I have been deeply rattled over the past few years by the state of our world and especially the state of American society. The clouds overhead are menacing, the wind howling, the rain pelting, but I fear the worst of the roiling storm is yet to come. And I am not one to be alarmist. We can all tick off the immediate list of woes: the pandemic, the racial strife, the political polarization, the opioid crisis, the rising violence, the fractured church, the eroding trust and growing despair.
Is our current moment any more dire than others? At the turn of the century, writer Annie Dillard addressed such a perception:
Are not our heightened times the important ones? For we have nuclear bombs. Are we not especially significant because our century is?—our century and its unique Holocaust, its refugee populations, its serial totalitarian exterminations; our century and its antibiotics, silicon chips, men on the moon, and spliced genes? No, we are not and it is not. These times of ours are ordinary times, a slice of life like any other.[3]
Perhaps she echoes Jesus who, in speaking of the “sign of his coming and the end of the age,” warned about false messiahs, “wars and rumors of wars’famines and earthquakes in various places,” all of which would be just “the beginning of birth pangs.” (Matt. 24:3-8) These things are not new.
But then there’s climate change, which in its human causation is new.

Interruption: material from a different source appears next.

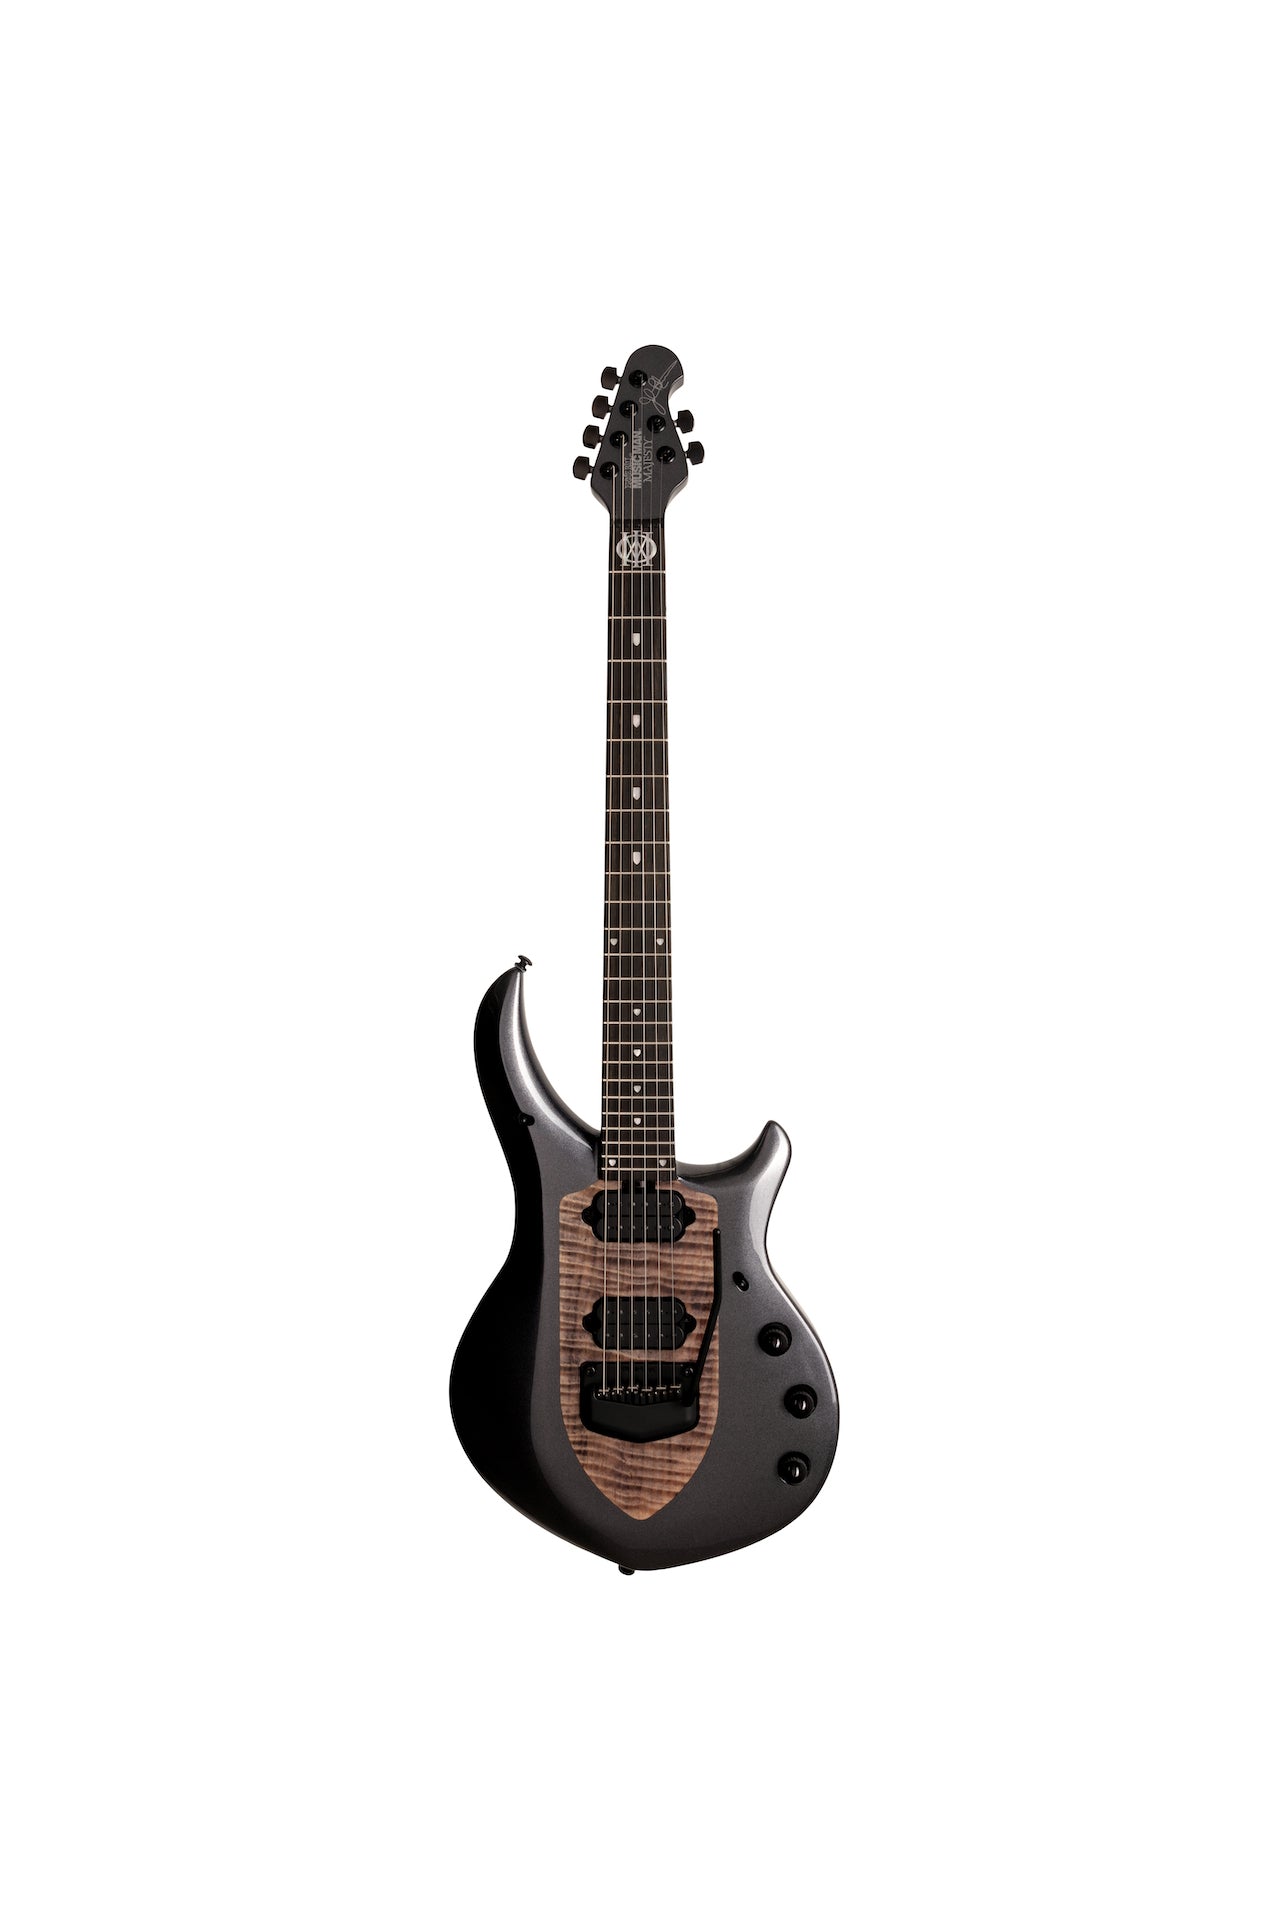 Ernie Ball Music Man Majesty John Petrucci Signature Electric Guitar - Smoked Pear M014778 - HIENDGUITAR   Musicman GUITAR

Like a voice crying in (and for) the wilderness, environmentalist Bill McKibben warns: “Put simply, between ecological destruction and technological hubris, the human experiment is now in question.”[4]
Maggie Nelson, in her penetrating essay on climate change in On Freedom, nods to Dillard but underscores the darkening prospects:
So, while no one wants to be one of Dillard’s dupes, drunk on an ahistorical, spiritually unwise conviction of our era’s special significance, it seems just as idiotic (not to mention genocidal, geocidal) to ignore the more extraordinary facts of our moment, which, when allowed in, elicit awe (as well as fear, grief, anger, and other hard-to-bear feelings).[5]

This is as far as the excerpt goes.